Fed – Everyone’s an Expert and No One Knows for Sure

Fed, Fed, Fed, Fed, Fed…..everyone has something to say about the Fed.  Whether it’s coming from the inside of the Fed, billionaire investors, or the guru of all things interest rates, the hits and misunderstandings seem to come from every direction.  It’s always notable when a Fed President speaks publicly, so when Fed President Raphael Bostic said “We won’t be thinking about rate cuts until well into 2024” it resonated with us. 

The Fed has not been unclear regarding this point.  A likely pause aside, Chairman Powell has been very clear that he is fighting inflation first and that the target is 2%.  We’re NOWHERE NEAR THERE, so at the very least, we should expect a plateau in rates until we start seeing bigger declines.  It’s been a bit unnerving looking at the derivatives market and seeing an expectation for rate cuts in the back half of 2023 when it has been very clear to us what the Fed’s intentions are. 

That said, in case the commentary by Mr. Bostic is misunderstood as super bearish, billionaire investor John Tudor Jones seemed to have brought a lighter tone to CNBC when he suggested that there may not by cuts, but there also won’t be a further increase in rates.  The comments from both of these gentlemen seem to jive well with each other and at least allow for the possibility of improvements in asset values.  

As impressive as the Atlanta Fed President and the Mr. Tudor Jones are, recent commentary made by Jim Grant of Grant’s Interest Rate Observer both cut the deepest and should give us all pause.  He said, “the Fed is problem No. 1 in American finance”.  Is he right?  The distortions made in the market based on artificial moves in interest rates certainly made things feel better more quickly as the pandemic proceeded.  They also helped after the GFC. 

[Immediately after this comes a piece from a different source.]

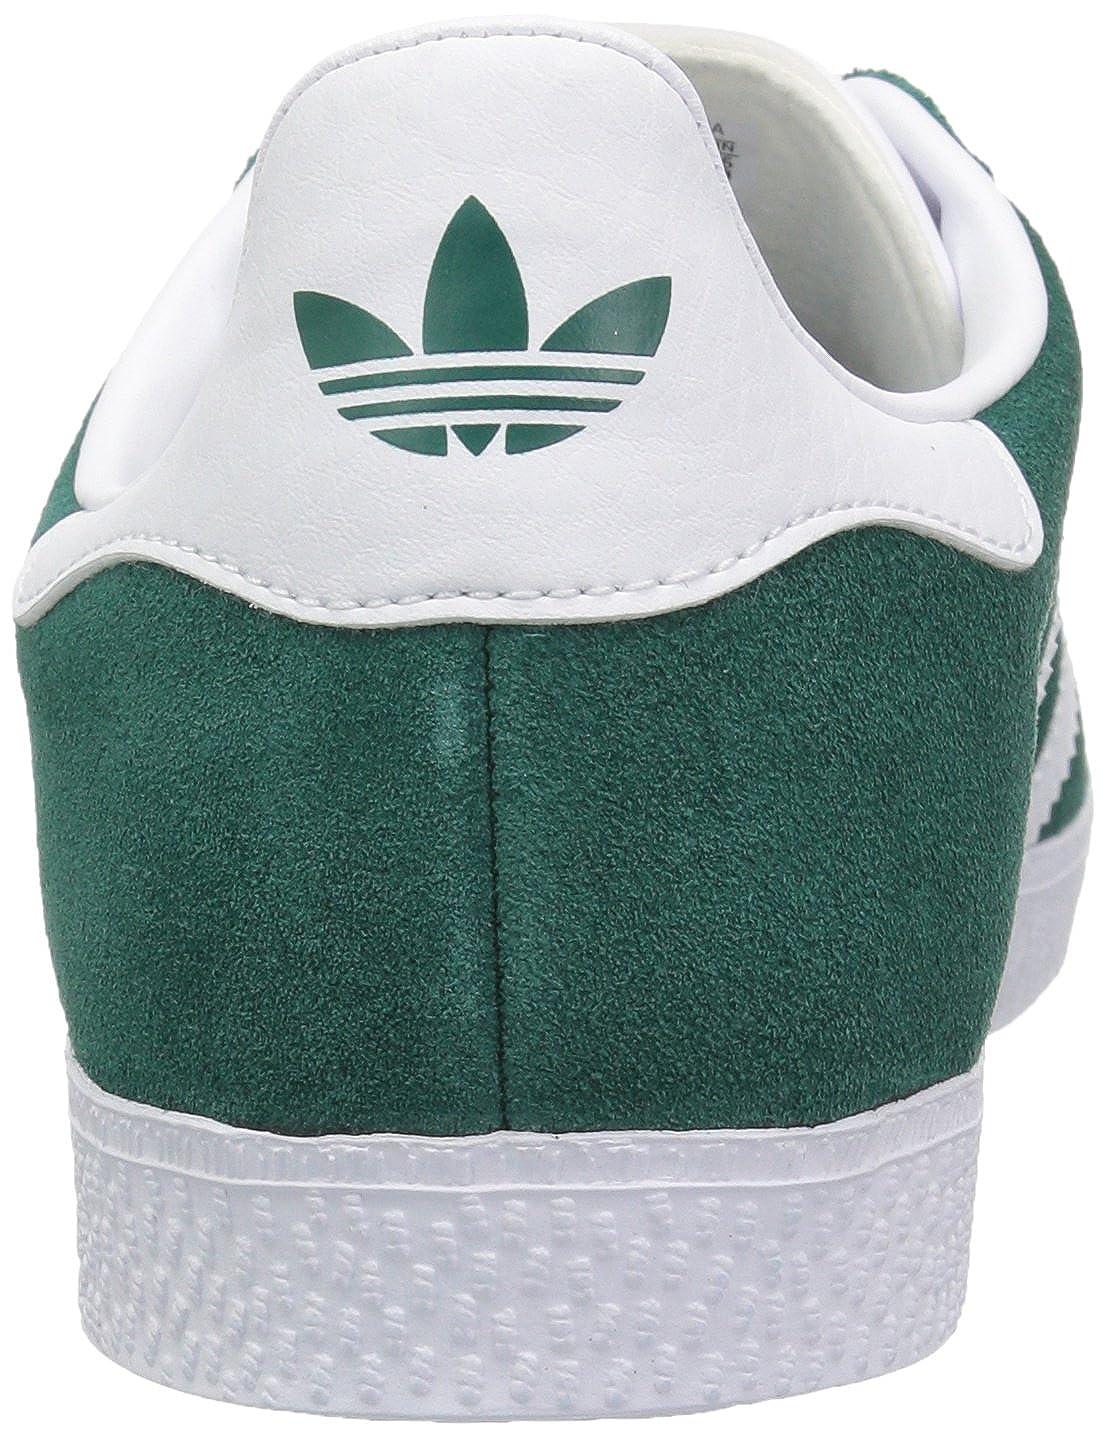 adidas Originals Kids Gazelle J Sneaker

But should they have?  This is clearly a matter of taste and intestinal fortitude, but if the Fed had not intervened after the GFC, things would have gotten much worse.  But on the flip side, maybe we wouldn’t have massive inflation or a banking crisis we have today if they had been more laisse-faire with rates at a previous date. 

The issue we are ultimately most concerned with is that the Fed has been suppressing long term interest rates by buying long dated bonds since Bernanke was Chairman.  The subsequent run up in asset values will be very difficult and painful to unwind.  The market has become addicted and we’re already starting to see signs of withdrawal.